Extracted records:
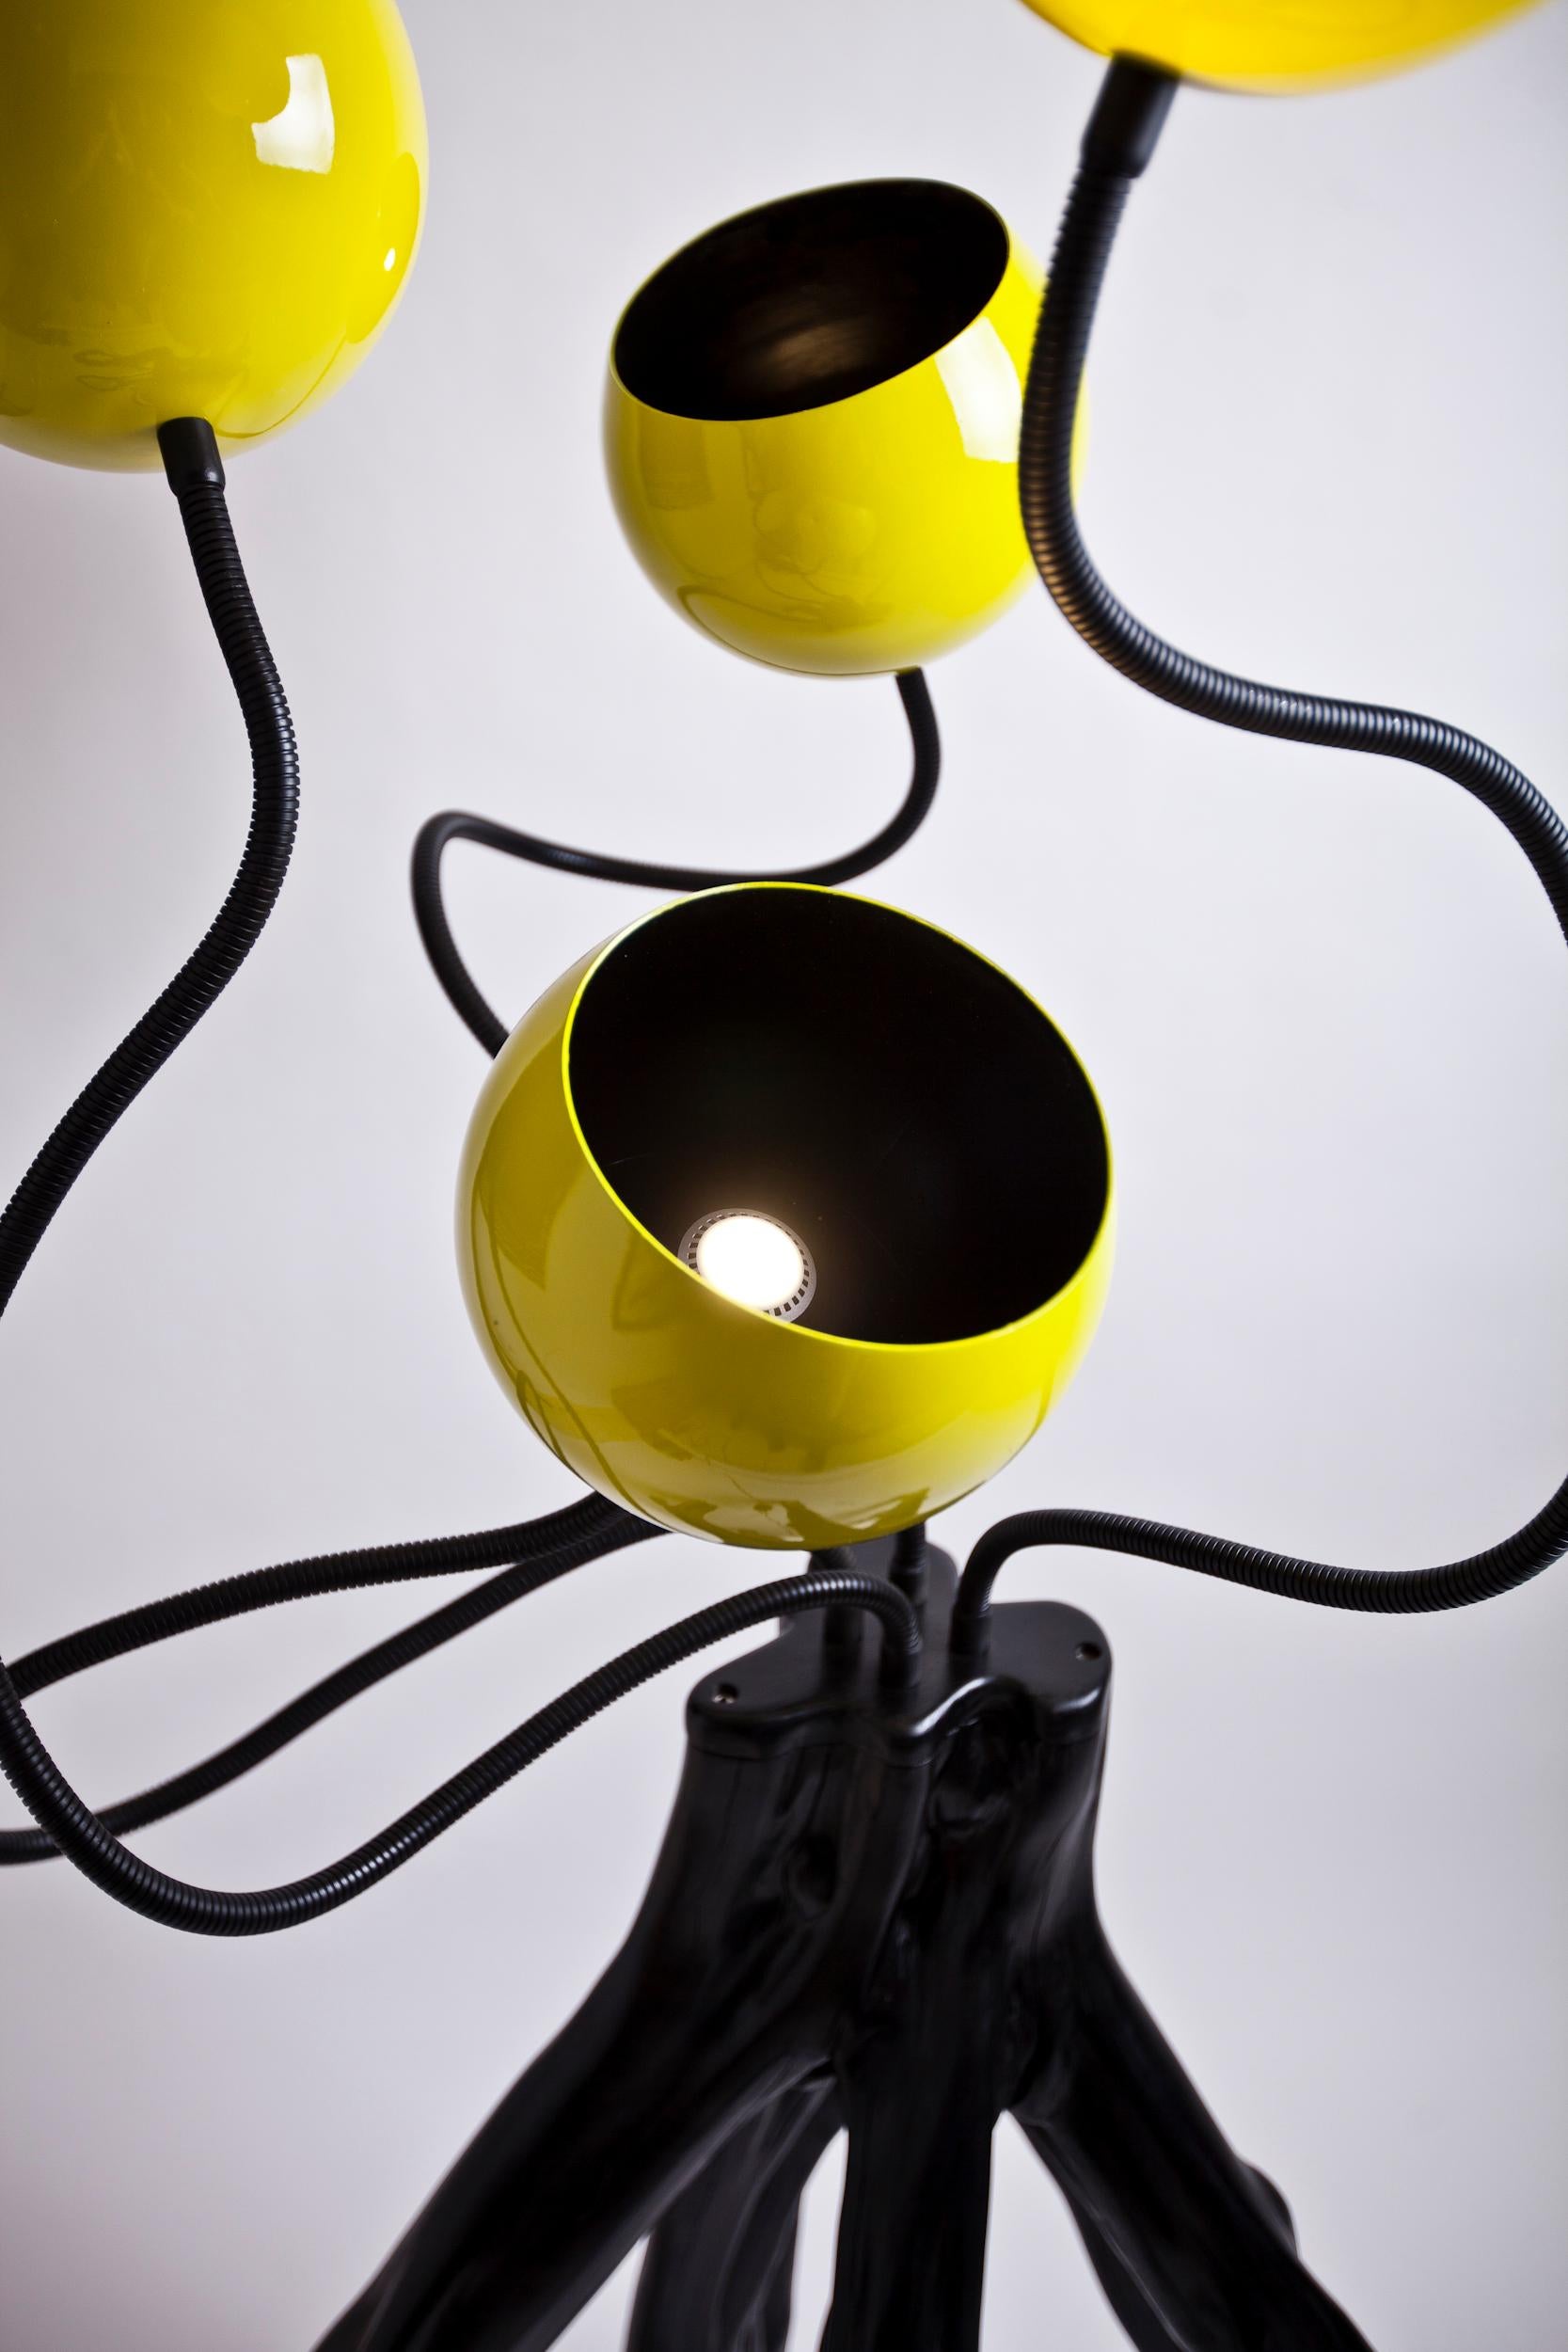 Unique Xango floor lamp by Gustavo Dias
Xangô lamp
Ebonized wood
Steel flexibles
Aluminum globes
Measures: L 1.0 m x W 0.80 m x H 1.60 m

Gustavo Dias
One the most important contemporary Brazilian designer.
Born in 1978 and raised in a

**YOUR OBJECTIVE**
Without including any pictures, output each entry above exactly as it appears.

**EXPECTED ANSWER**
 Unique Xango floor lamp by Gustavo Dias
Xangô lamp
Ebonized wood
Steel flexibles
Aluminum globes
Measures: L 1.0 m x W 0.80 m x H 1.60 m

Gustavo Dias
One the most important contemporary Brazilian designer.
Born in 1978 and raised in a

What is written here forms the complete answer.